- Data section
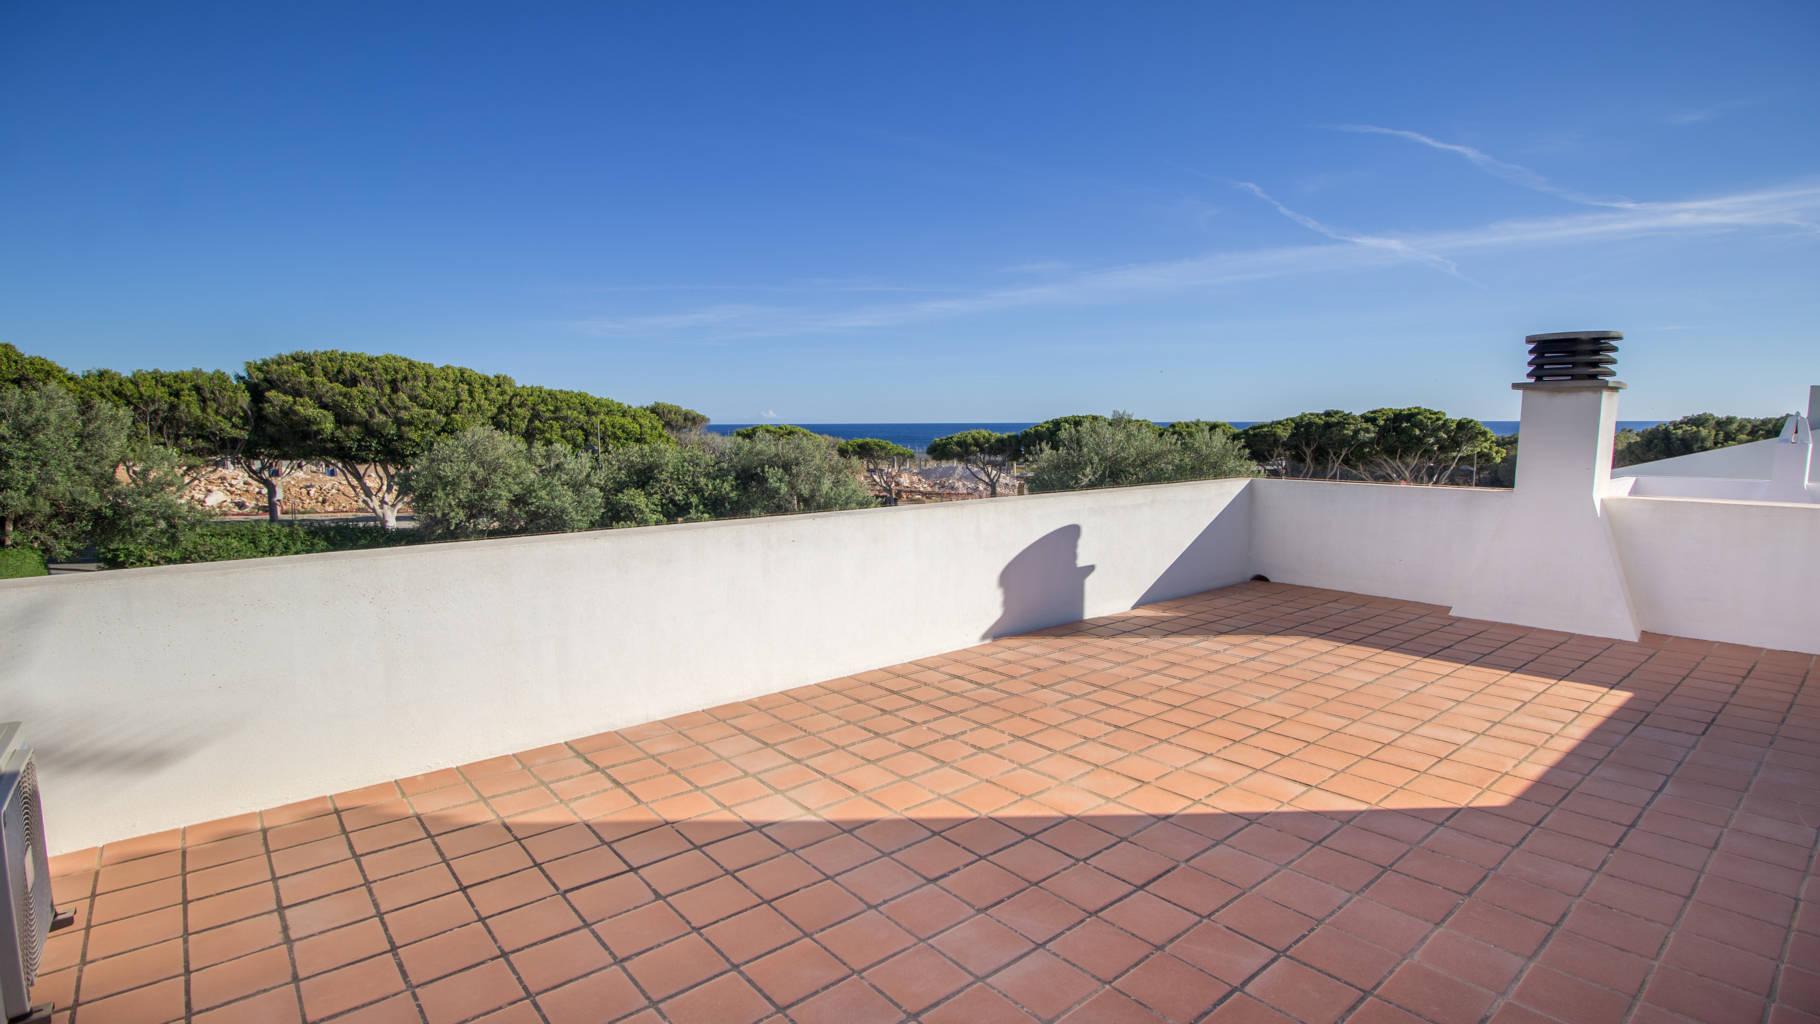 Villa for sale with a sea view in Menorca
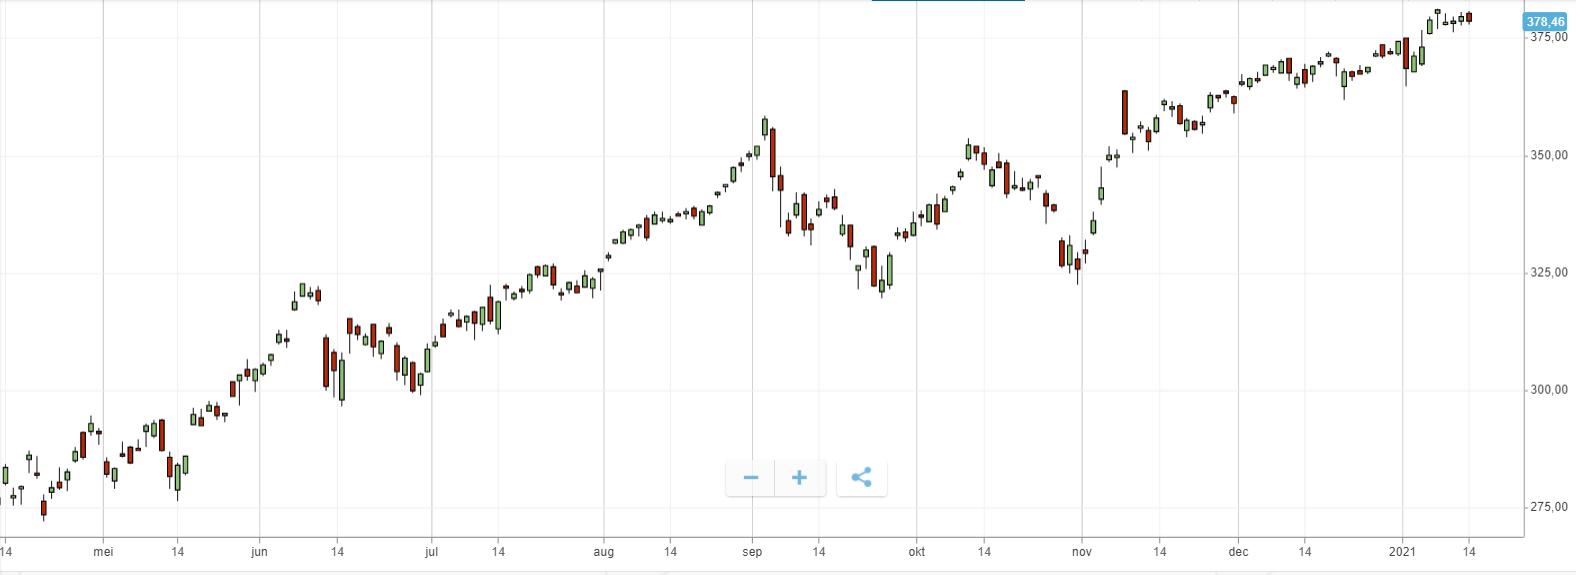 candestick evbox graph
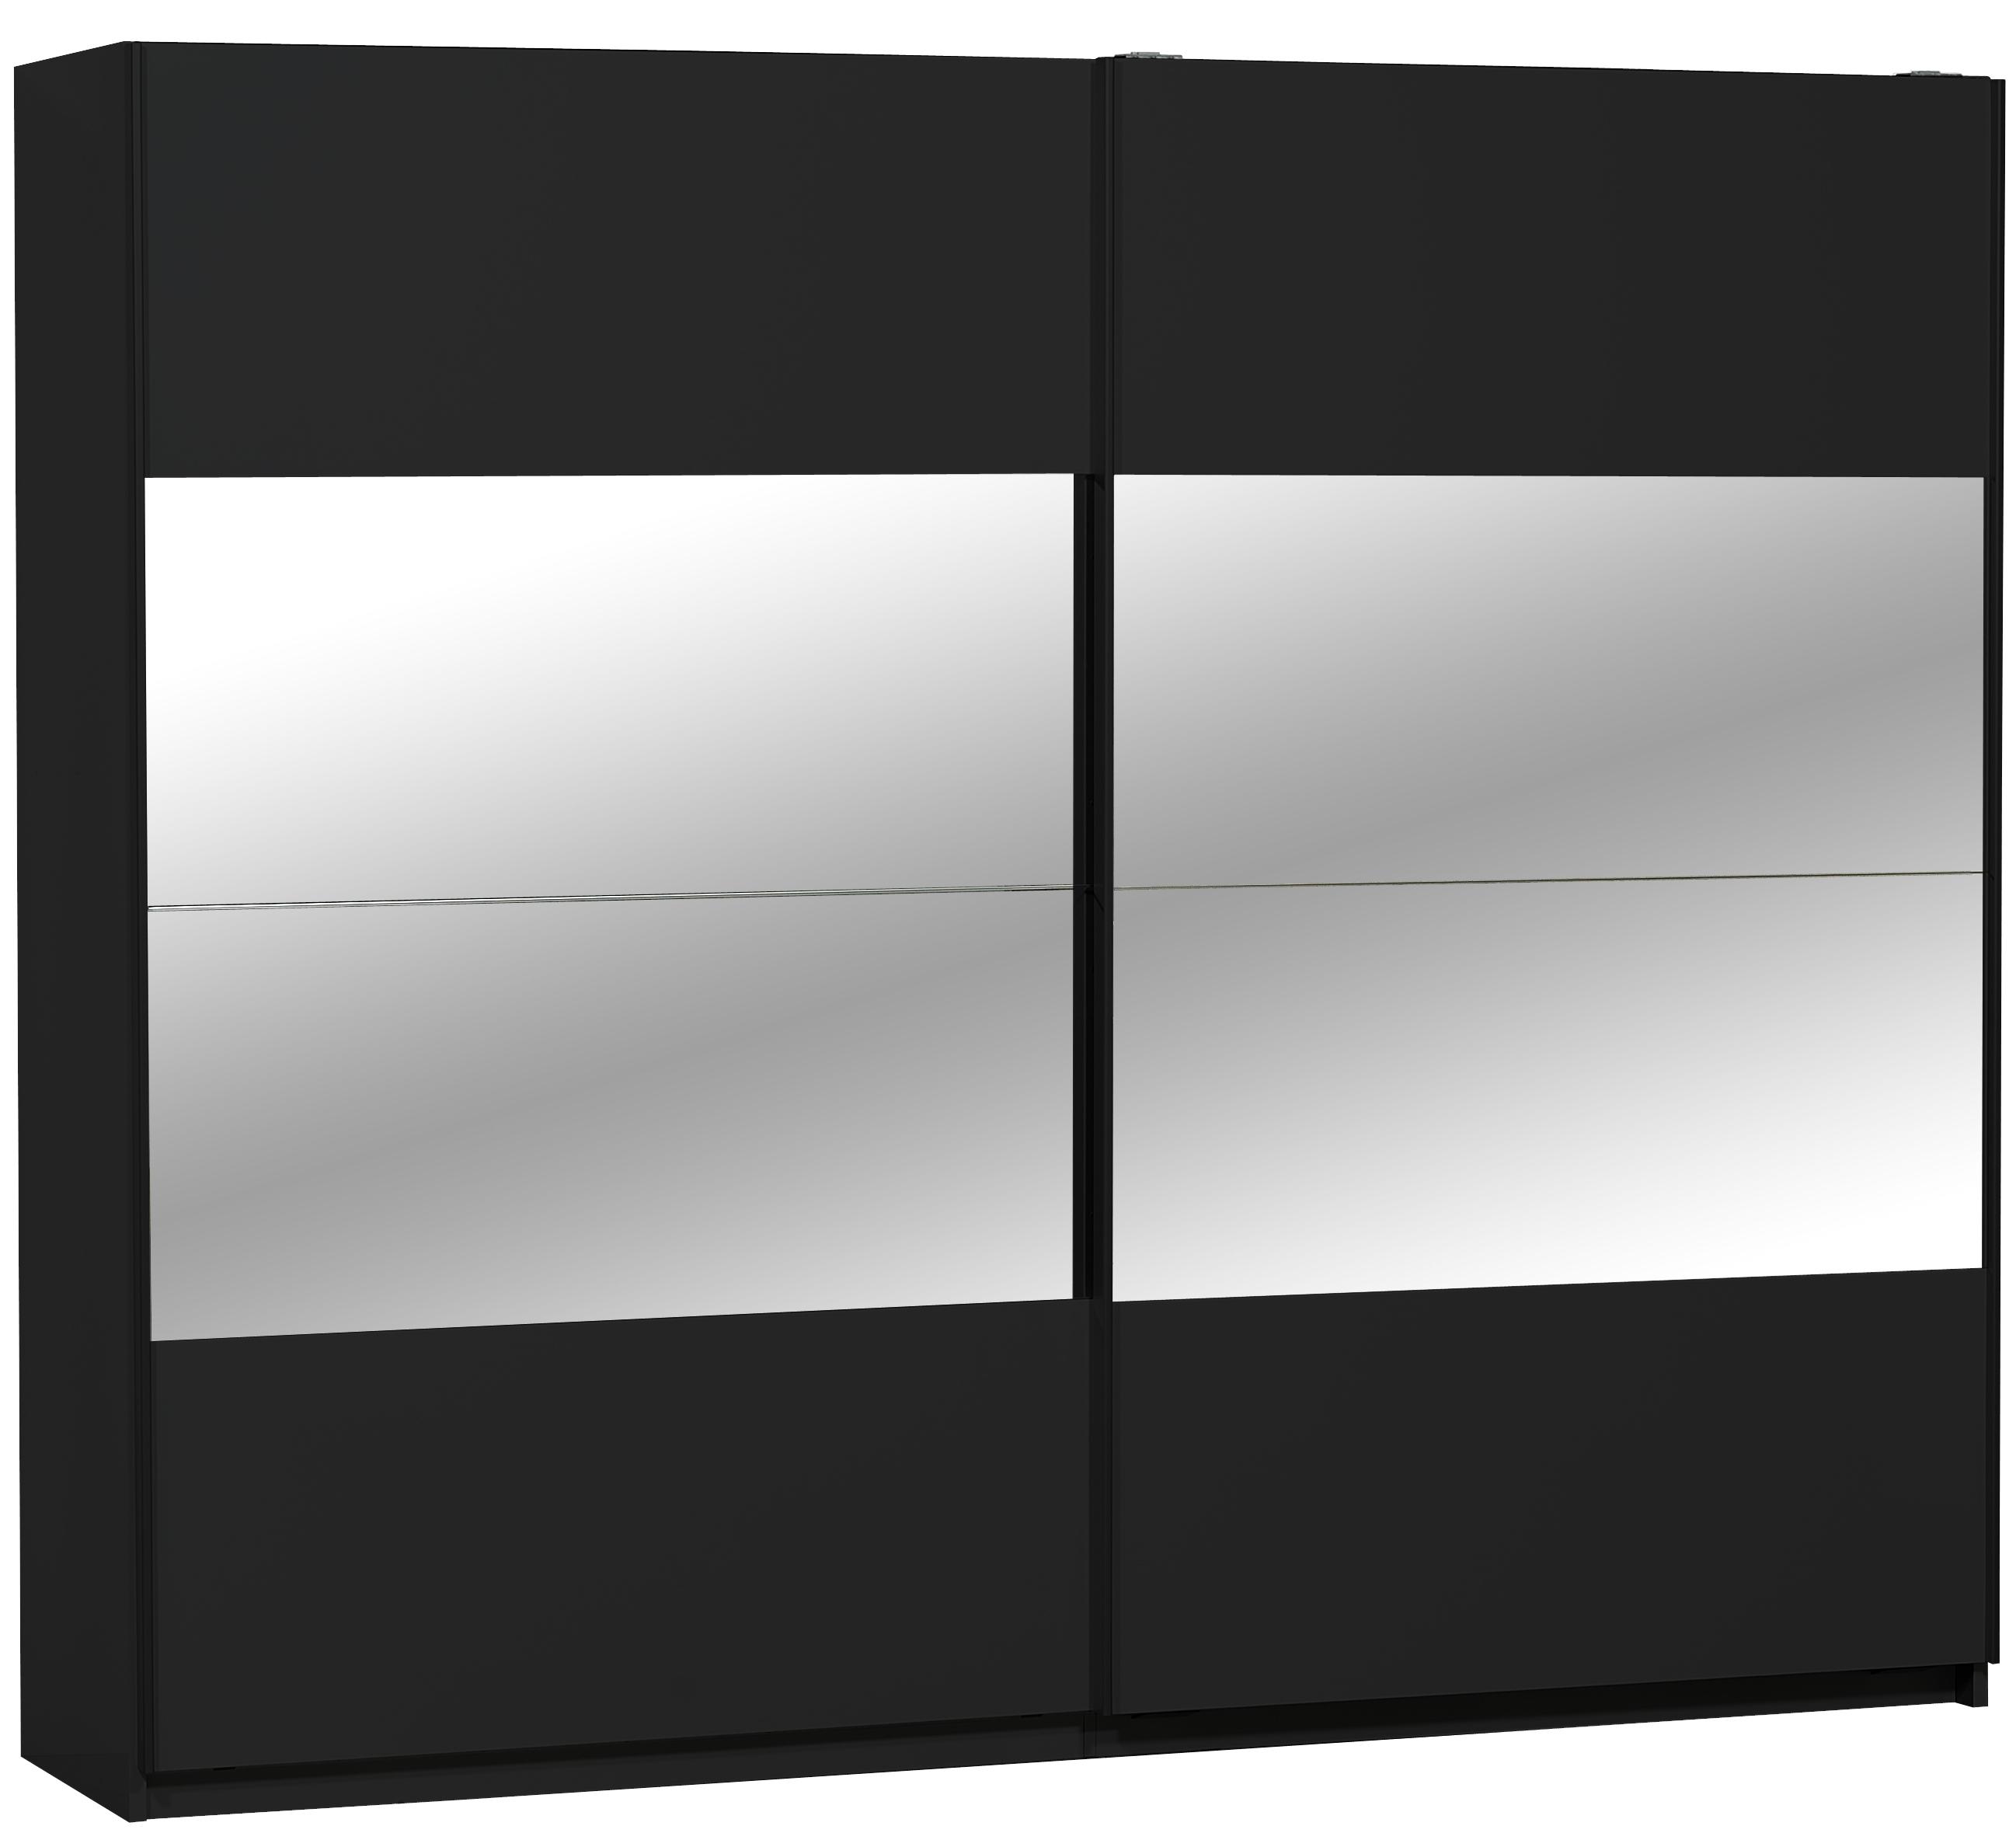 armoire 2 portes coulissantes noir et miroir 260 cm balus. Black Bedroom Furniture Sets. Home Design Ideas

- Problem to work on
Copy the material exactly as written and leave every picture behind.

- The completed task
 Villa for sale with a sea view in Menorca
 candestick evbox graph
 armoire 2 portes coulissantes noir et miroir 260 cm balus. Black Bedroom Furniture Sets. Home Design Ideas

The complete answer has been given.